Load true table for P1 - Elements extraction and classification, terms, and verb symbols, and true table for P2 - Terms definition and synonyms.

In [100]:
with open(f"{config['DEFAULT_DATA_DIR']}/documents_true_table.json", 'r') as file:
    data = json.load(file)

    manager.add_document(
        Document.model_validate(data["§ 275.0-2_P1|true_table"])
    )

    manager.add_document(
        Document.model_validate(data["§ 275.0-5_P1|true_table"])
    )

    manager.add_document(
        Document.model_validate(data["§ 275.0-7_P1|true_table"])
    )

    manager.add_document(
        Document.model_validate(data["§ 275.0-2_P2|true_table"])
    )

    manager.add_document(
        Document.model_validate(data["§ 275.0-5_P2|true_table"])
    )

    manager.add_document(
        Document.model_validate(data["§ 275.0-7_P2|true_table"])
    )

### Save checkpoint

In [101]:
# Persist the state to a file
save_checkpoint(filename=config["DEFAULT_CHECKPOINT_FILE"], manager=manager)

2024-12-05 20:55:39 - INFO - DocumentManager state persisted to file: ../data/checkpoints/documents-2024-12-05-3.json
2024-12-05 20:55:39 - INFO - Checkpoint saved.


## Prompt engeneering

Prompt strucuture is based on [1]. It is a zero-shot prompt following the concept of chain of thought.

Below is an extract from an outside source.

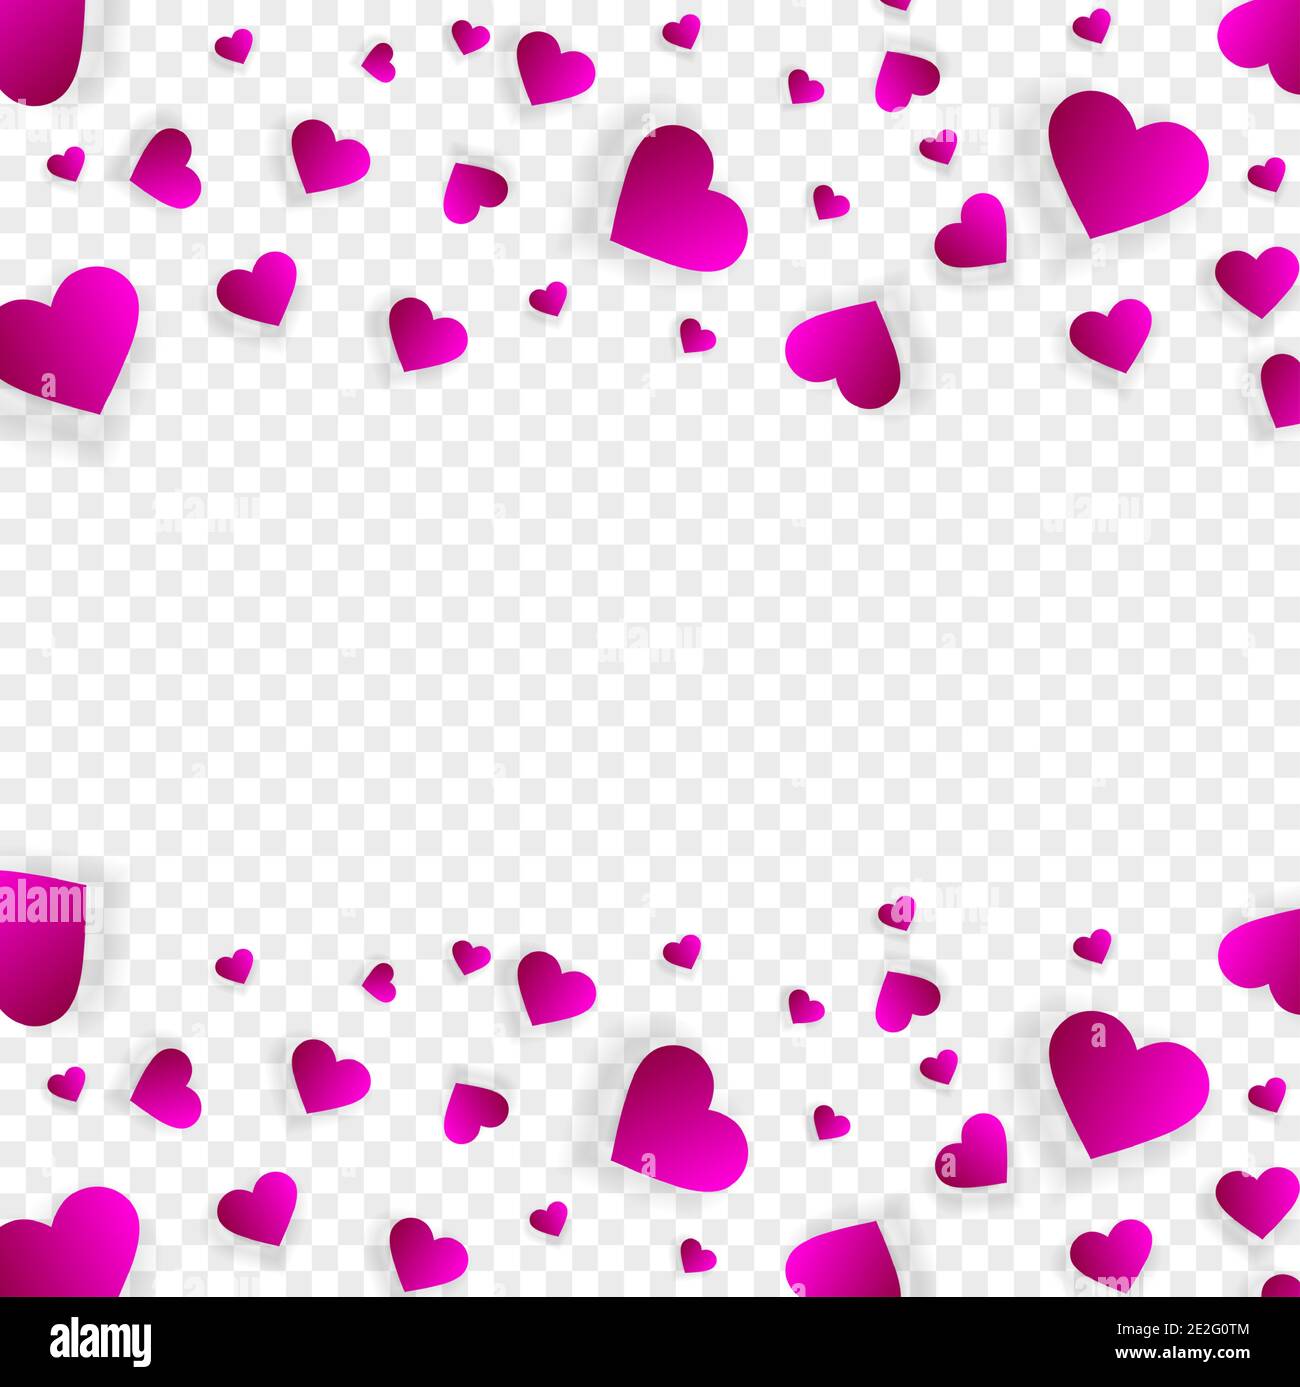 Heart frame vector banner, border, love background Stock Vector Image & Art  - Alamy
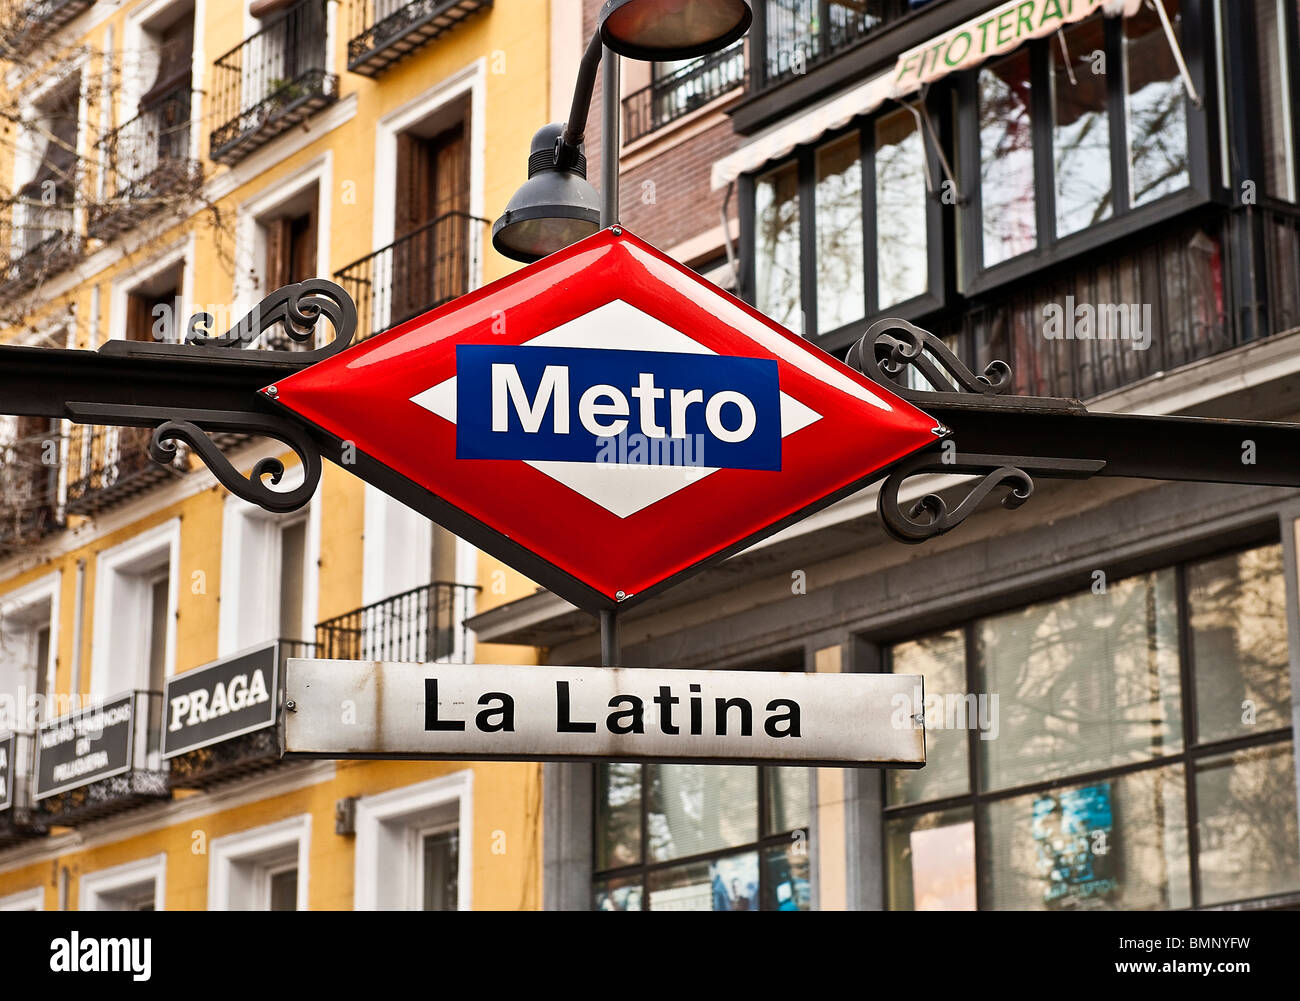 La station de métro La Latina, Madrid, Espagne Banque D'Images

Following the approaches are taken.

### 1. facts and fact types
Try to extract all facts and fact types from a given document.

This approach has successful results. It is focused on extracting the elements, and achive the best results, similar to the approach 3.

In [102]:
system_prompt_facts = """

You are tasked with extracting **facts**, **fact types**, and their **relationships** from a given document. Follow these steps carefully:

#### Steps to Perform:

1. **Identify Facts and Fact Types**:
   - A **fact** is a specific instance or statement that describes an event or condition.
   - A **fact type** is a general template or relationship that defines how entities interact.
   - For each fact or fact type:
     - Extract the **statement** that represents the fact or fact type.
     - List the **terms** (Nouns or Proper nouns) involved in the fact or fact type.
     - Identify the **fact symbols** (verbs, verb phrases, or prepositions) connecting the terms.
     - Classify the statement as either a **Fact** or **Fact Type**.
     - Note the section or paragraph where the fact or fact type appears as the **source**.

2. **Classify Terms**:
   - For each fact or fact type, classify all **terms**:
     - Label each term as either a **Noun** or **Proper Noun**.
   - Ensure that the terms are extracted accurately and classified correctly.

3. **Define term**:
   - For each term look in the document for the term definition. If the term definition is not found, use "missing".:

4. **Identify Fact Symbols**:
   - Extract the verbs or prepositions that define the relationships between the terms. These are referred to as **fact symbols**.
   - Each fact or fact type should have a list of fact symbols.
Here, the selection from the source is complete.